Google Colab demo: https://colab.research.google.com/github/Mihaiii/llm_steer/blob/main/demo/llm_steer_demo.ipynb
Install it: pip install llm_steer
Then use:
from llm_steer import Steer
steered_model = Steer(model, tokenizer)
Add a steering vector on a particular layer of the model with a given coefficient and text. The coefficient can also be negative.
steered_model.add(layer_idx=20, coeff=0.4, text="logical")
Get all the applied steering vectors:
steered_model.get_all()
Remove all steering vectors to revert to initial model:
steered_model.reset_all()
The so-called "advanced usage" involves changing the default values of 2 parameters ("try_keep_nr" and "exclude_bos_token"), which, from my experiments - almost always leads to the LLM outputting gibberish. In the very few cases when the LLM outputs text that does make sense, the basic usage provides higher quality outputs.
More info will be provided in a separate file.
Q: What's the difference between llm_steer and mentioning what you want in the system prompt?
A: I see llm_steer as an enhancer. It can be used together with the system prompt.
Q: How to determine the best parameters to be used?
A: I don't have a method; it's all trial and error. I recommend starting with a small coefficient and then slowly increase it.
Q: What models are supported?
A: I tested it on multiple architectures, including LLaMa, Mistral, Phi, StableLM. Keep in mind that llm_steer is meant to be used together with HuggingFace's transformers library, so it won't work on GGUF, for example.
Q: I applied steering vectors, but the LLM outputs gibberish. What should I do?
A: Try a lower coeff value or another layer.

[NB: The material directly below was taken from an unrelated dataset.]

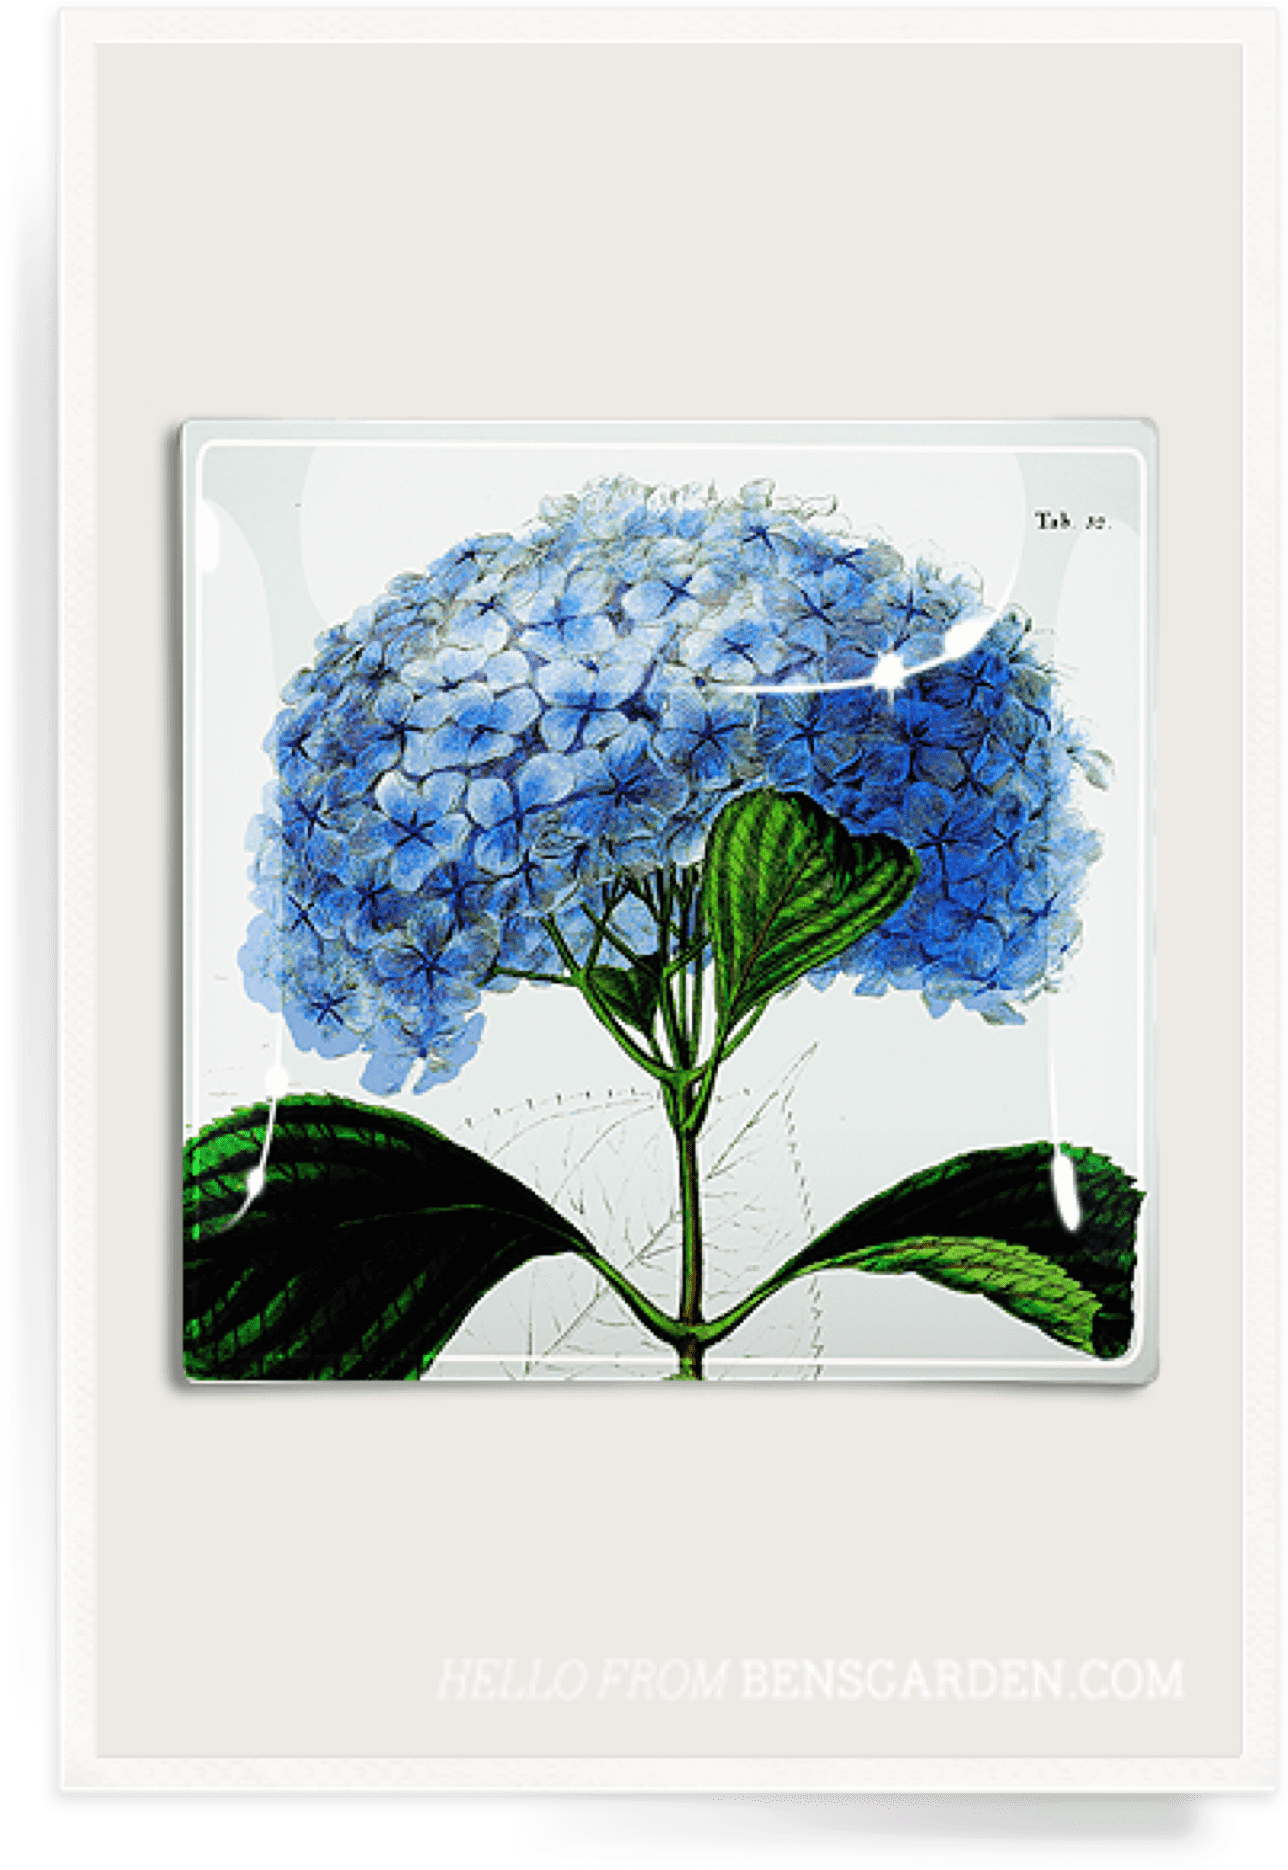 Blue Hydrangea Illustration PNG

Q: Can I add multiple steering vectors on the same layer? Can I add the same steering vector on multiple layers? Can I add steering vectors with negative coefficients?
A: Yes, and please do. llm_steer is built for experimenting. See the Colab for examples: https://colab.research.google.com/github/Mihaiii/llm_steer/blob/main/demo/llm_steer_demo.ipynb
Q: Can I use steer vectors to enhance role-play characteristics (e.g., personas that are more funny or cocky)?
A: I believe this is possible, but I haven't had good results yet. I'm considering doing some more intensive testing and I might write a new notebook for it.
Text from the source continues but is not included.